* EXERCISE PROMPT
A faithful copy is needed of the lines below from the one with "Golf 1989 Ryder" up to and including the one with "Corner House Offering"; set it down with no pictures and no other lines.

* SOURCE MATERIAL
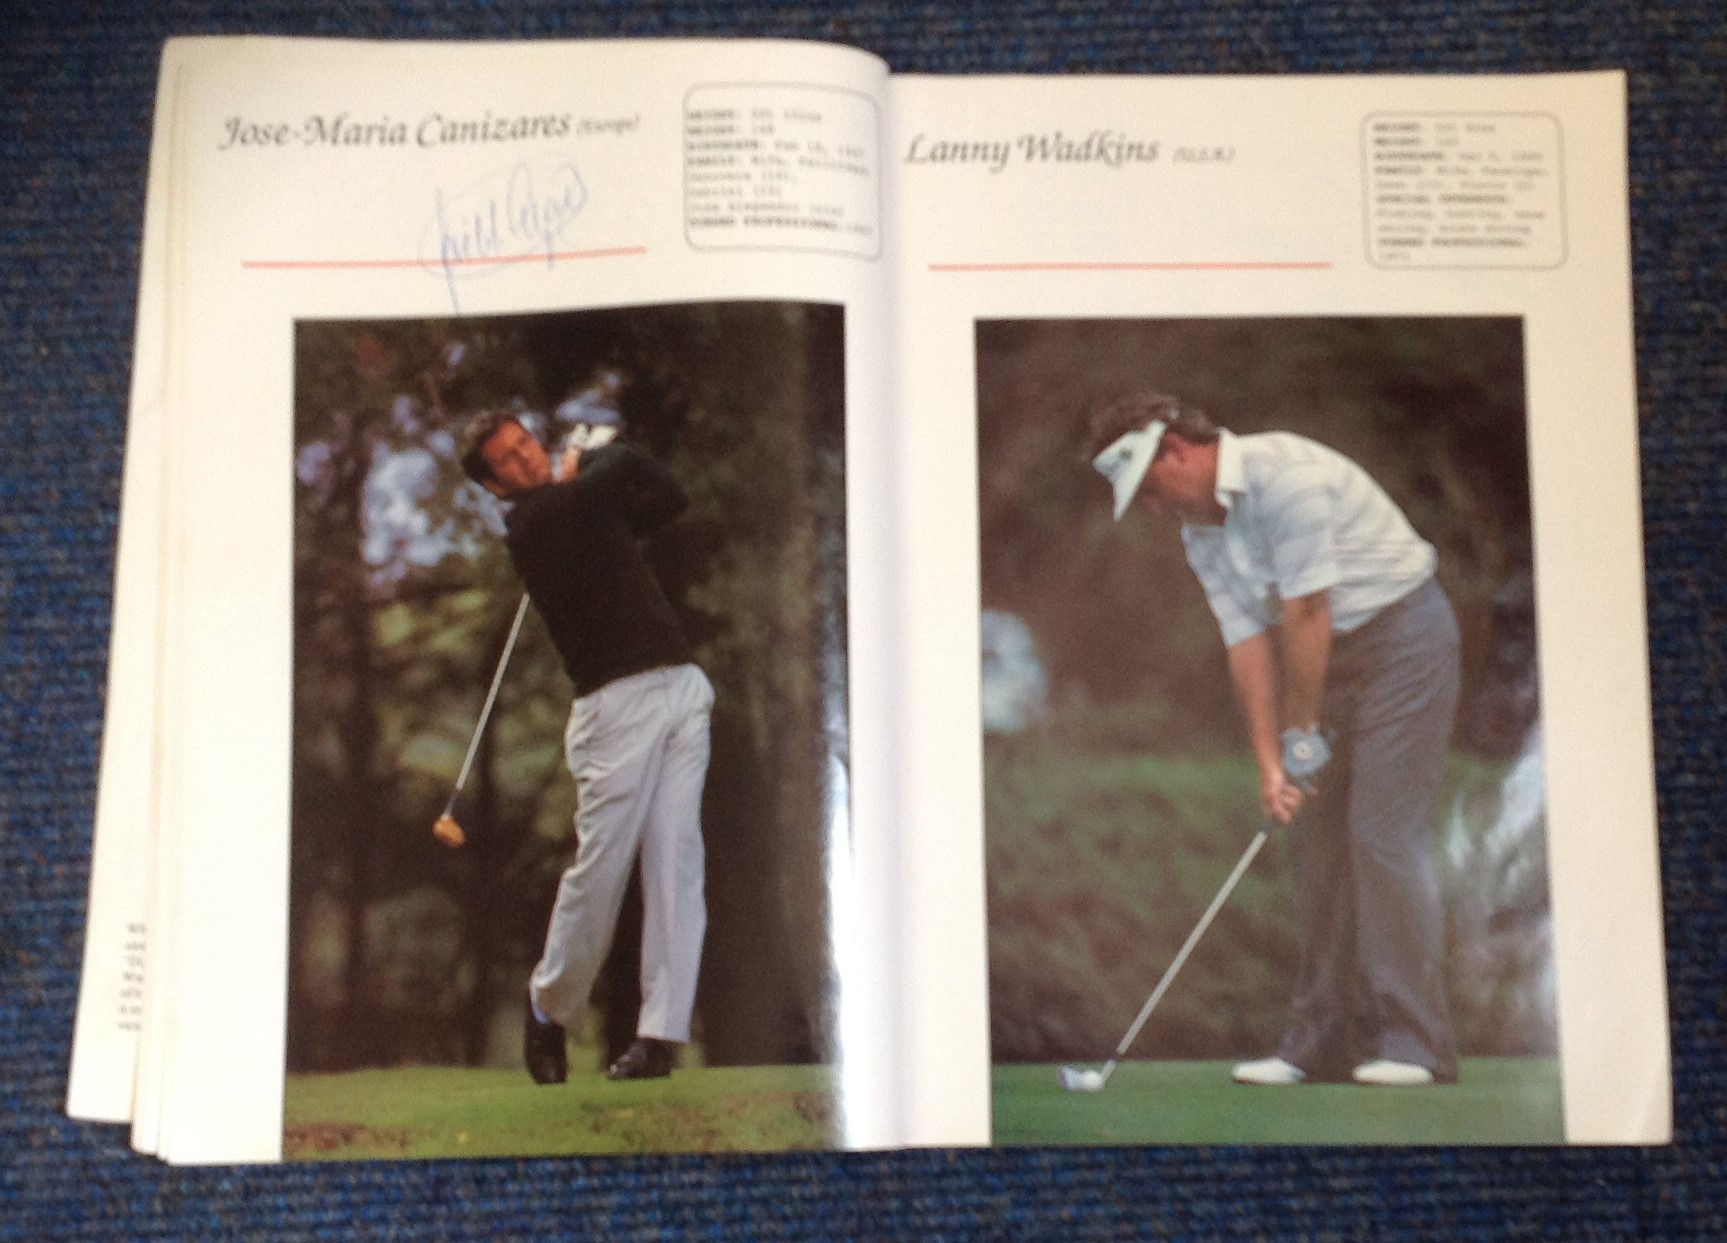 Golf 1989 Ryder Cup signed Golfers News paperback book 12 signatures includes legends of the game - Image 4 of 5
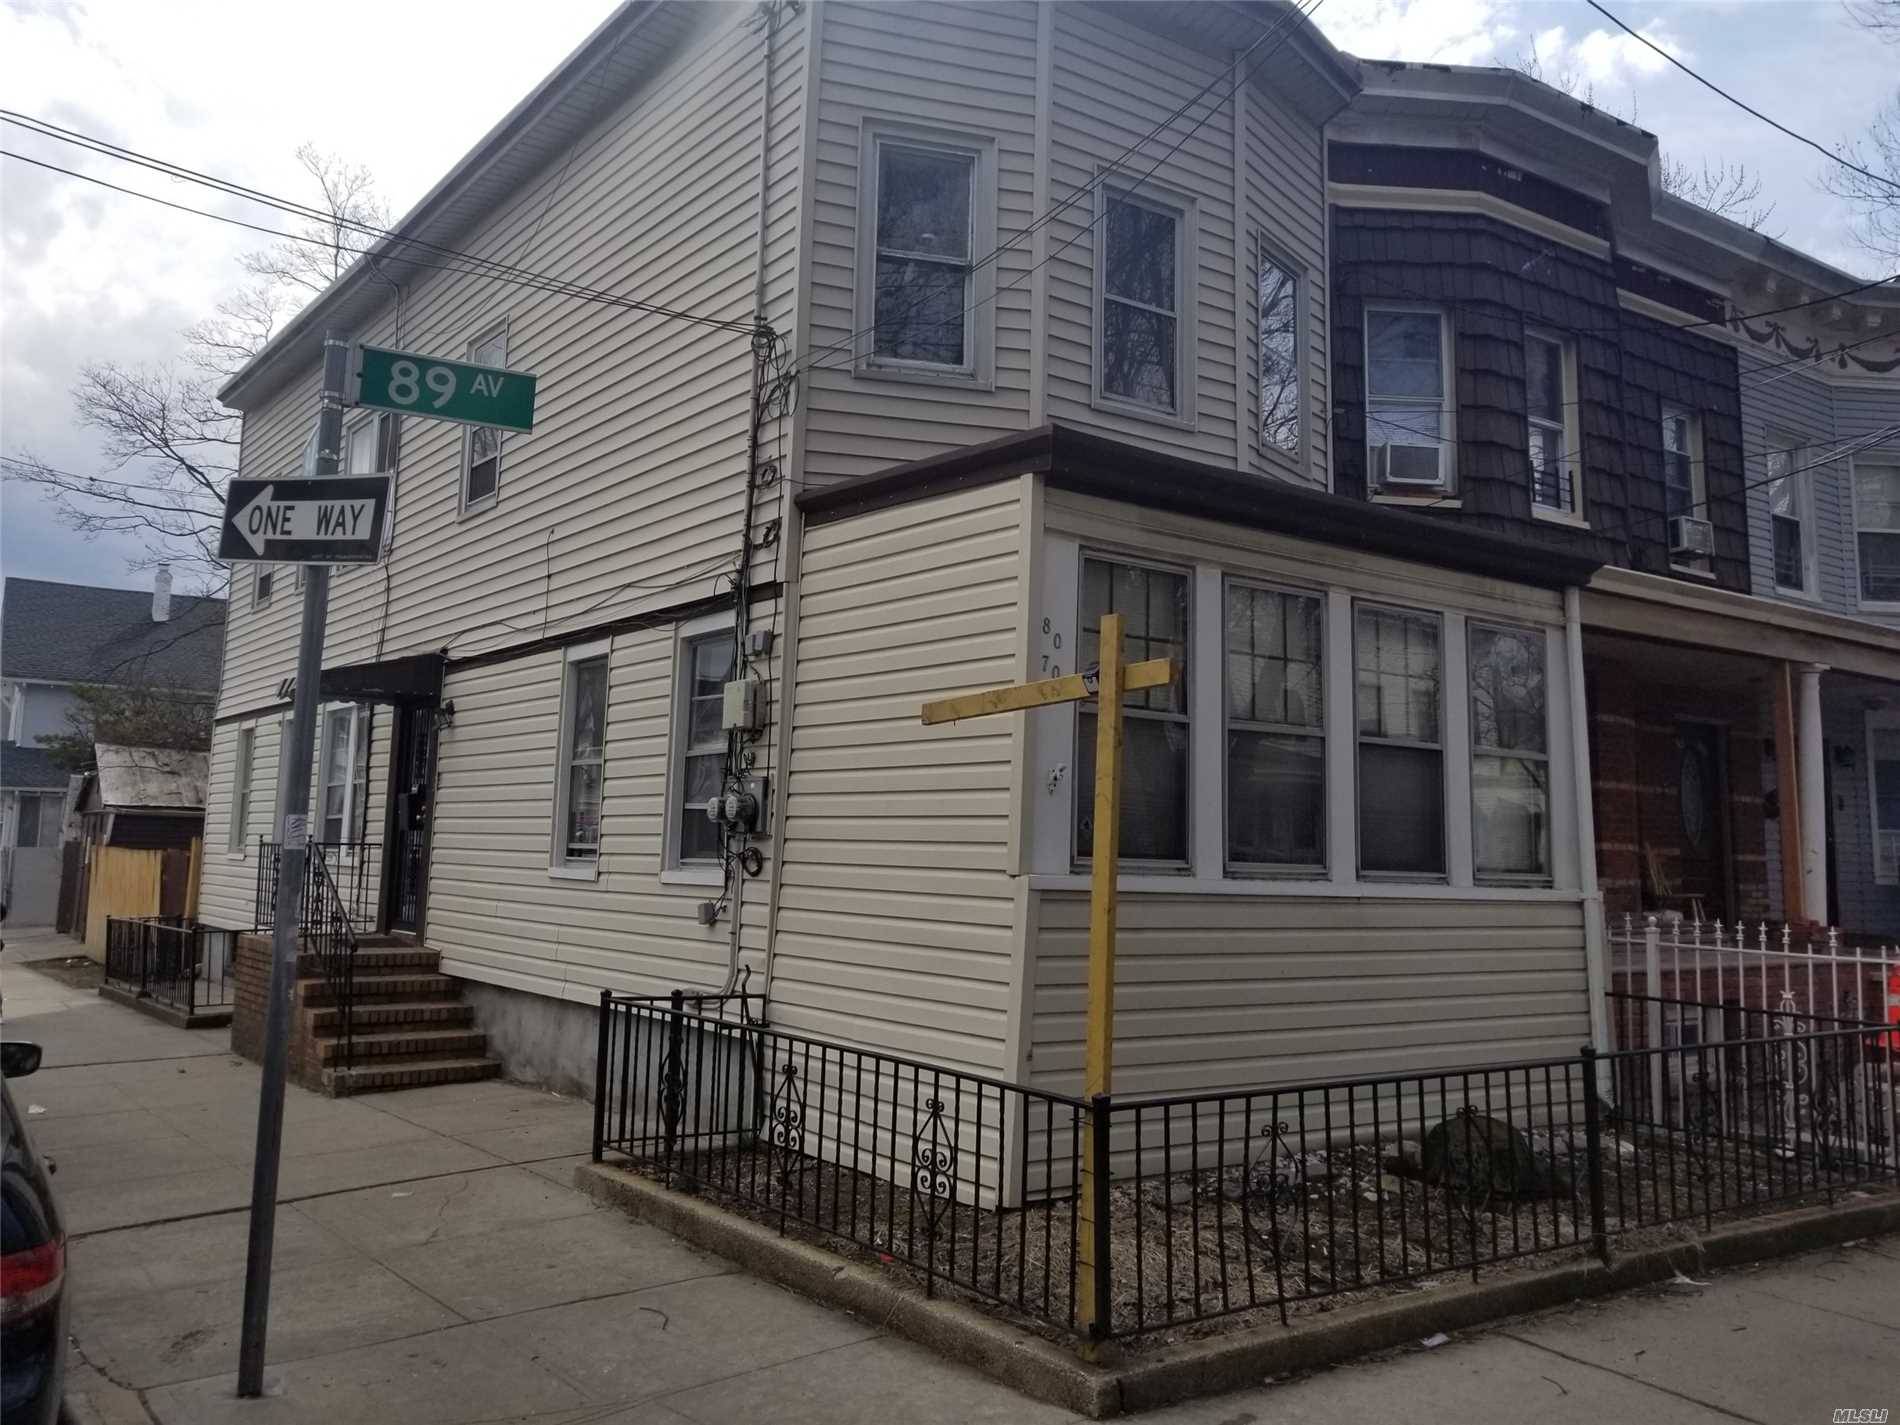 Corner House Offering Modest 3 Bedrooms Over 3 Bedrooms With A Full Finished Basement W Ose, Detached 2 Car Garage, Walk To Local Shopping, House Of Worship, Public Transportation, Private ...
...
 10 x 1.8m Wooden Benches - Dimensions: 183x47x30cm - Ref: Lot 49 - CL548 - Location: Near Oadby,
==
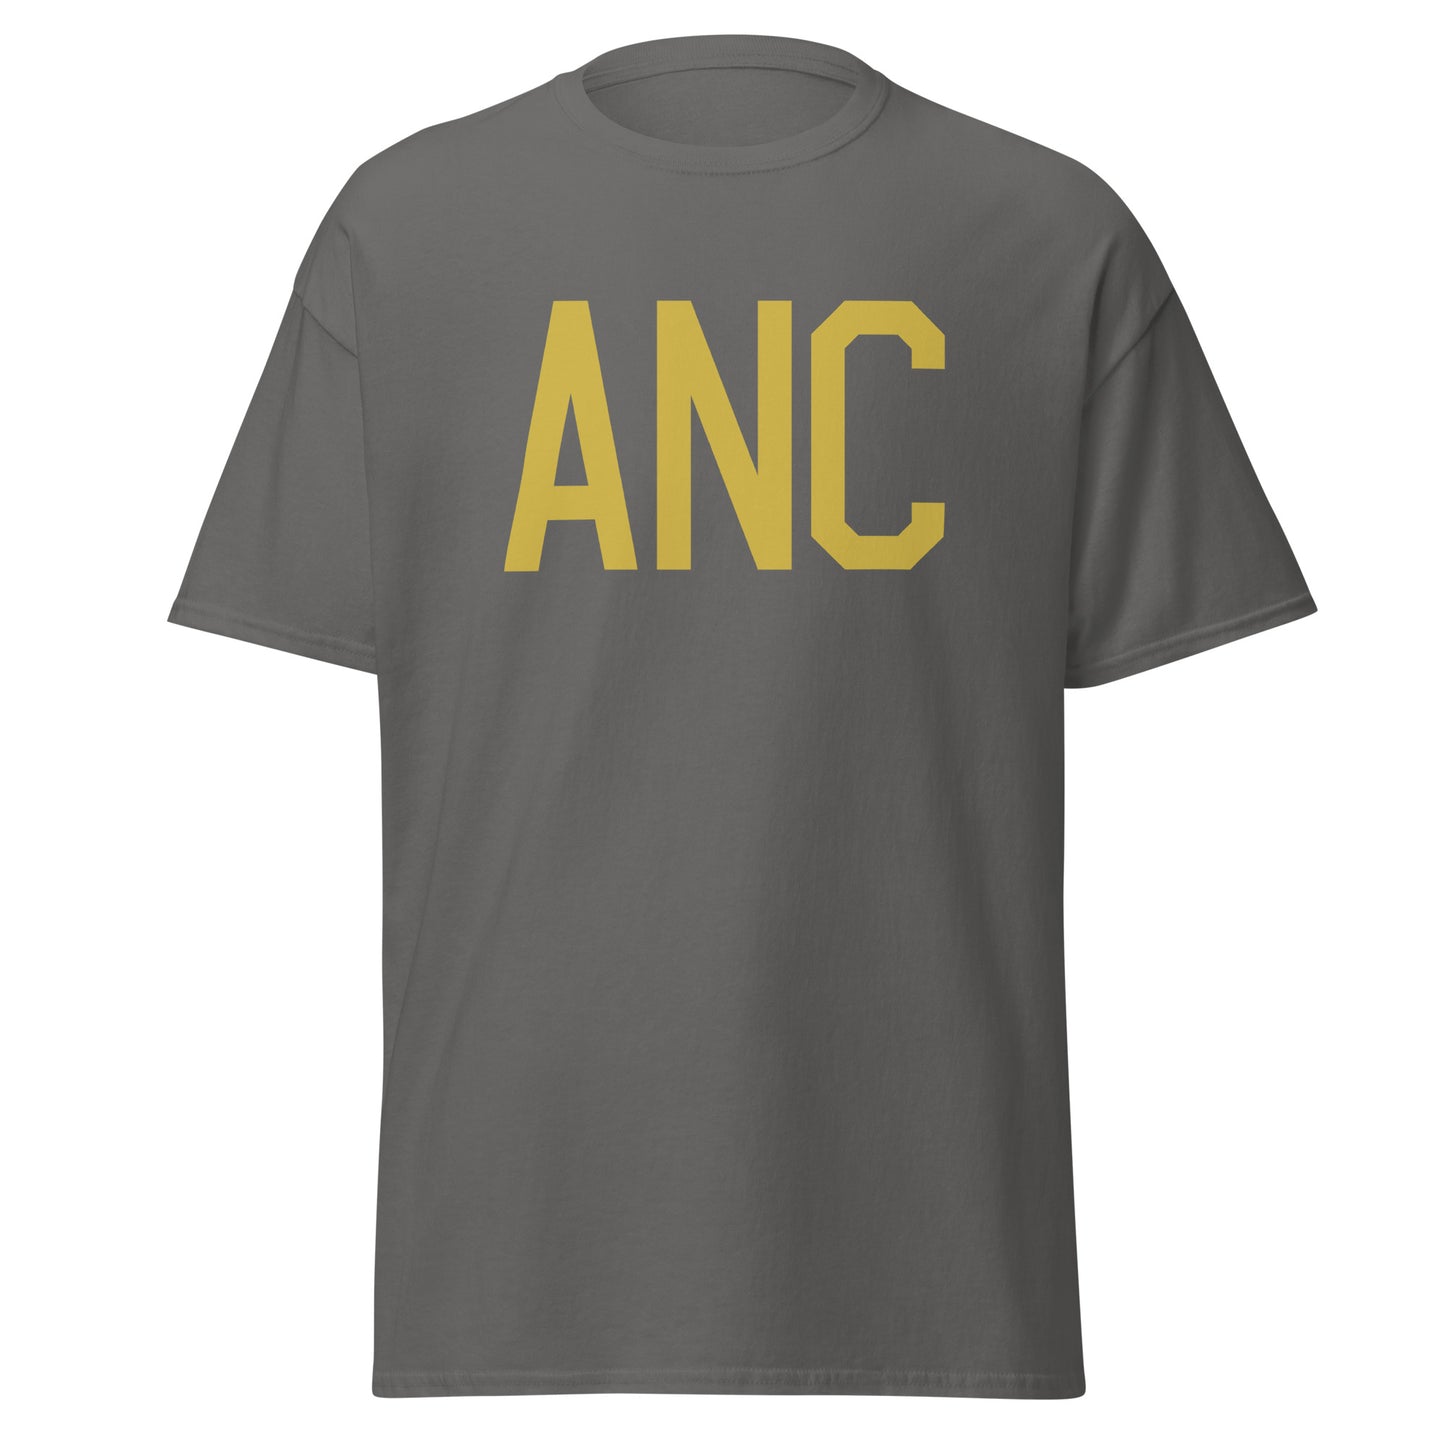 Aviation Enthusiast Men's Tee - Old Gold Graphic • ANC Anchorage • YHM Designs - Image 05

* THE COMPLETED TASK
 Golf 1989 Ryder Cup signed Golfers News paperback book 12 signatures includes legends of the game - Image 4 of 5
 Corner House Offering Modest 3 Bedrooms Over 3 Bedrooms With A Full Finished Basement W Ose, Detached 2 Car Garage, Walk To Local Shopping, House Of Worship, Public Transportation, Private ...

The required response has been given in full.